From 1991 to 1997 Dr. Yarymovych was President of the International Academy of Astronautics, of which he was vice president for Scientific Programs since 1985. He retired from the Boeing Company in 1998 as Vice President of International Technology in the Information, Space and Defense Systems organization. Prior to the merger of Rockwell International with Boeing he was Vice President and Associate Center Director of the Systems Development Center, which focused the corporation’s resources on new high technology advanced concepts requiring the skills of many divisions. He had joined Rockwell in 1977 as Vice President Engineering of the Aerospace Operations in leadership positions of programs such as the Space Shuttle, Global Positioning System and the B1B strategic aircraft.
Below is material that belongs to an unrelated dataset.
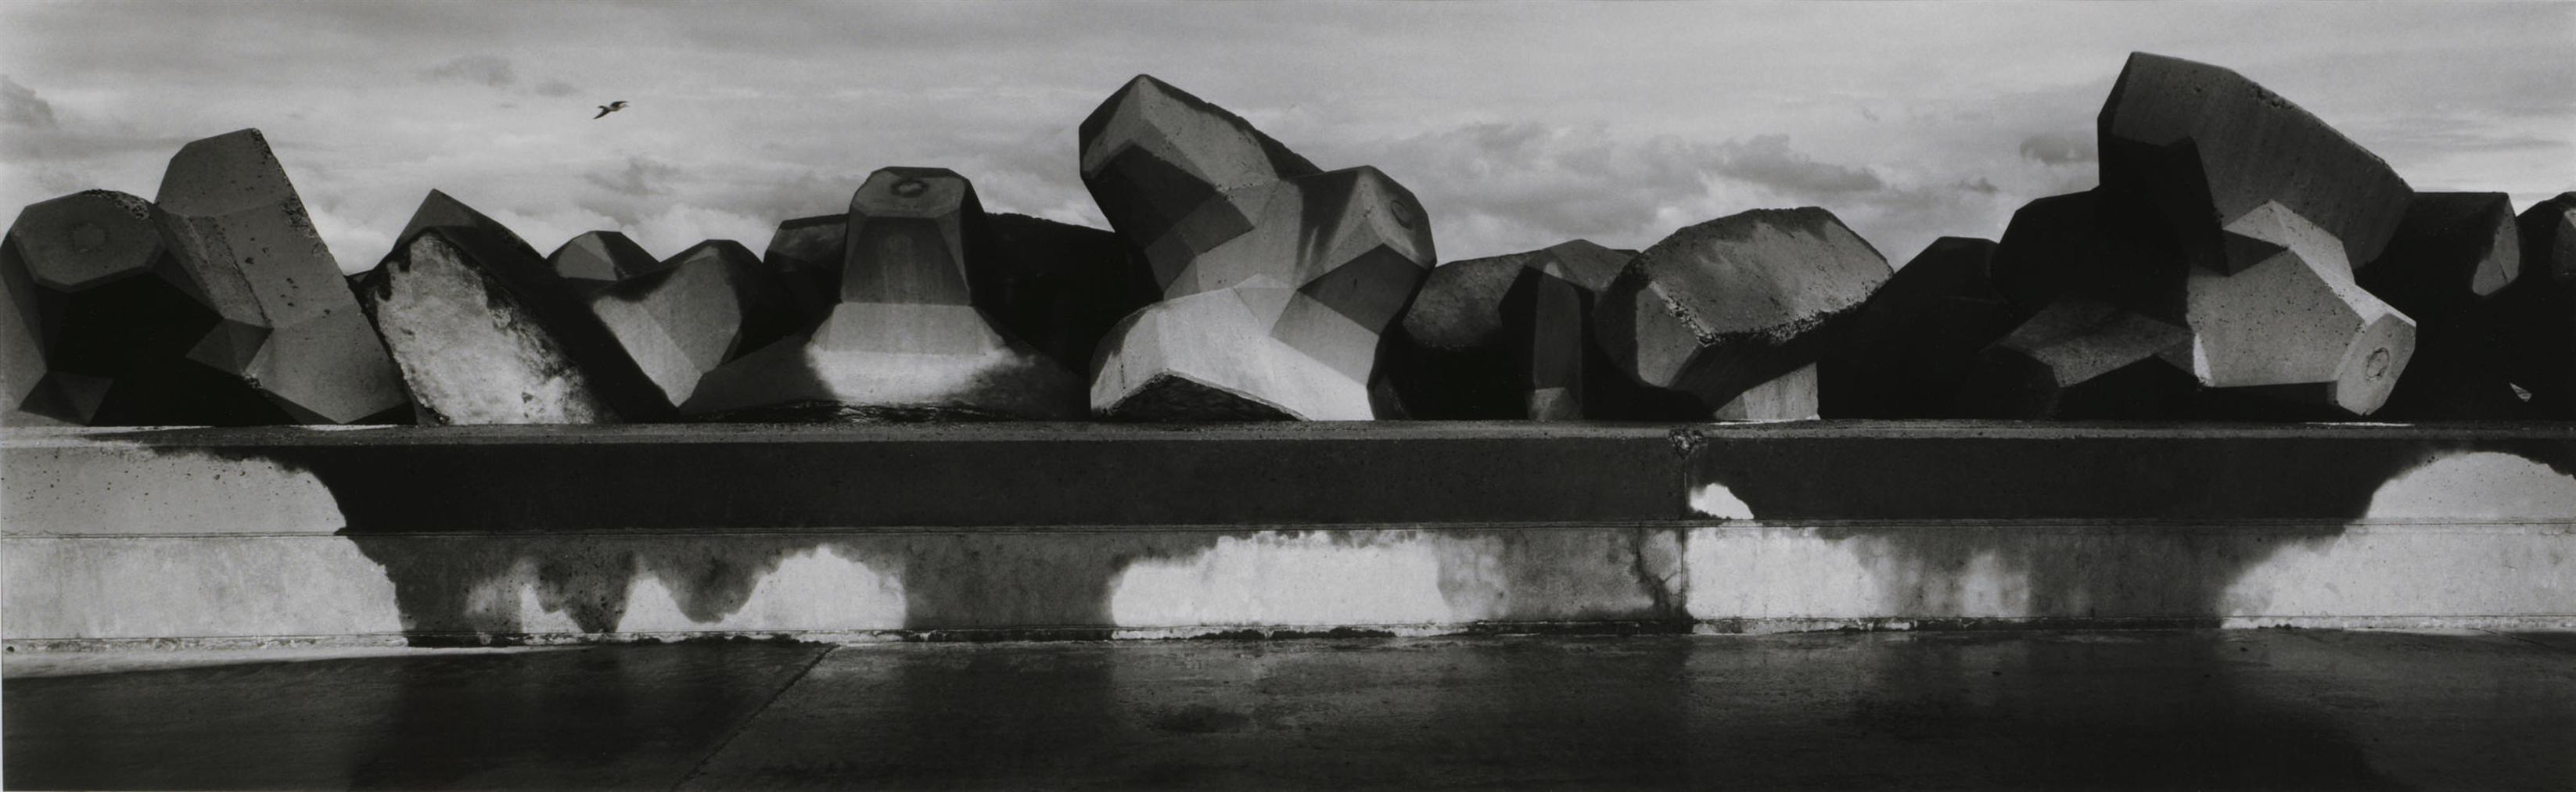 Josef Koudelka-France (Nord Pas-De-Calais), From Chaos-1989

He is a Fellow of the American Astronautical Society and Honorary Fellow of the American Institute of Aeronautics and Astronautics, where he served as president from 1982 to 1983. He was Senior Fellow of the United States Air Force Scientific Advisory Board (SAB) and has served on numerous SAB and Defense Science Board studies. He is four-time recipient of the Department of the Air Force Decoration for Exceptional Civilian Service, the service’s highest decoration; he also received the ERDA Distinguished Service Award, the Von Karman Medal from the NATO Research and Technology Organization, and the Theodore Von Karman Award from the International Academy of Astronautics. He was a member of the Air Force Studies Board until 2019, and serves on the National Academies Aeronautics and Space Engineering Board.In 2016 He was elected to the National Academy of Engineering.

He is a member of several Ukrainian learned societies. In 1992, he was elected Foreign Member of the National Academy of Sciences of Ukraine. In 2021 he received a Doctor Honoris Causa from the Ukrainian Catholic University.